Chancellor Olaf Scholz on Saturday inaugurated Germany’s first liquefied natural gas (LNG) terminal in the northern port city of Wilhelmshaven.
Scholz hailed the terminal as a “very, very important contribution to our security,” saying it will help reduced the country’s energy dependency on Russia.
After Moscow launched its war on Ukraine, Germany quickly decided to build its LNG infrastructure to make its energy supply independent of pipeline gas from Russia, he said.
Referring to plans to build four more LNG terminals by the end of 2023, Scholz said: “By the end of next year, we are expected to have an import capacity of over 30 billion cubic meters of gas.”
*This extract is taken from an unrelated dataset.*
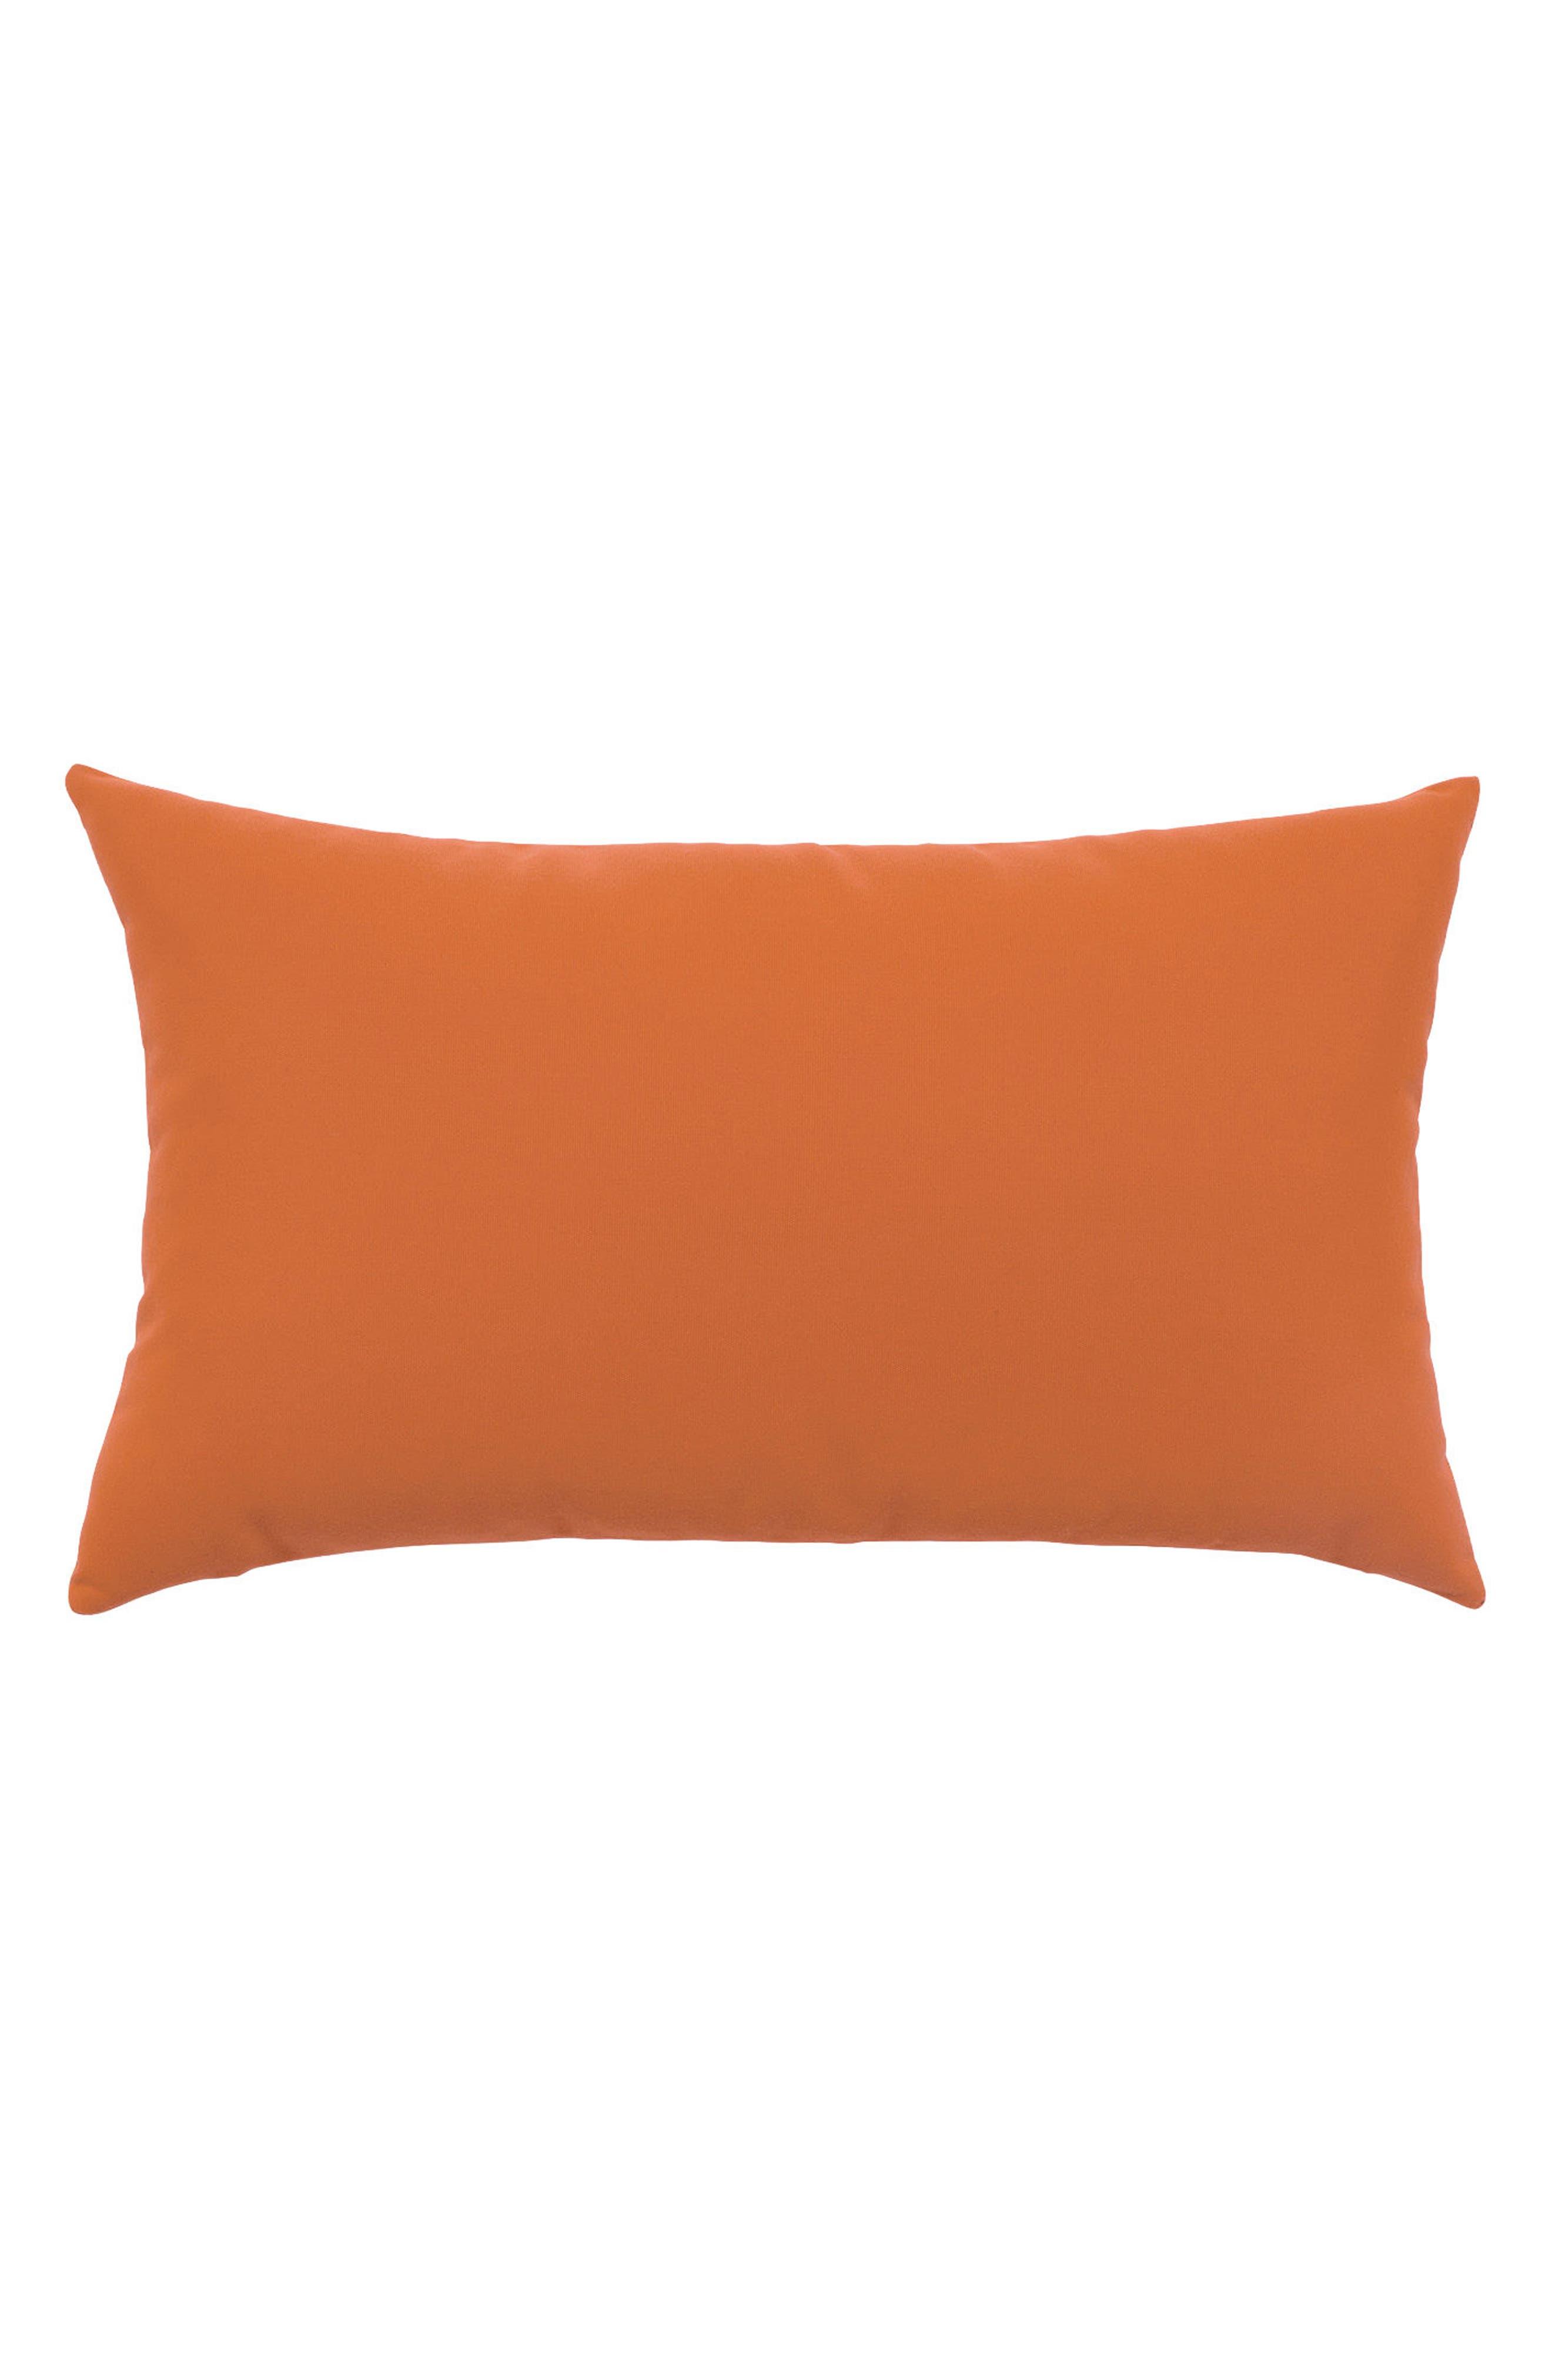 pier pillow lumbar imports spice lindon orange

According to the German government, the planned LNG terminals can meet a third of the country’s natural gas needs.
Scholz gave the nod for the construction of terminals in Wilhelmshaven and Brunsbuttel on Feb. 27, just three days after the start of Ukraine war.
To receive enough LNG to replace Russian gas entirely in the coming years, Berlin is also building LNG terminals in Stade and Lubmin.
The German government is trying to diversify its natural gas supply sources by purchasing more gas from Norway and increasing imports via pipelines from Belgium and the Netherlands.
Before the Ukraine war, Russia was supplying 55% of Germany’s natural gas.
Since the Nord Stream pipeline blasts in September, Germany has been importing no gas from Russia.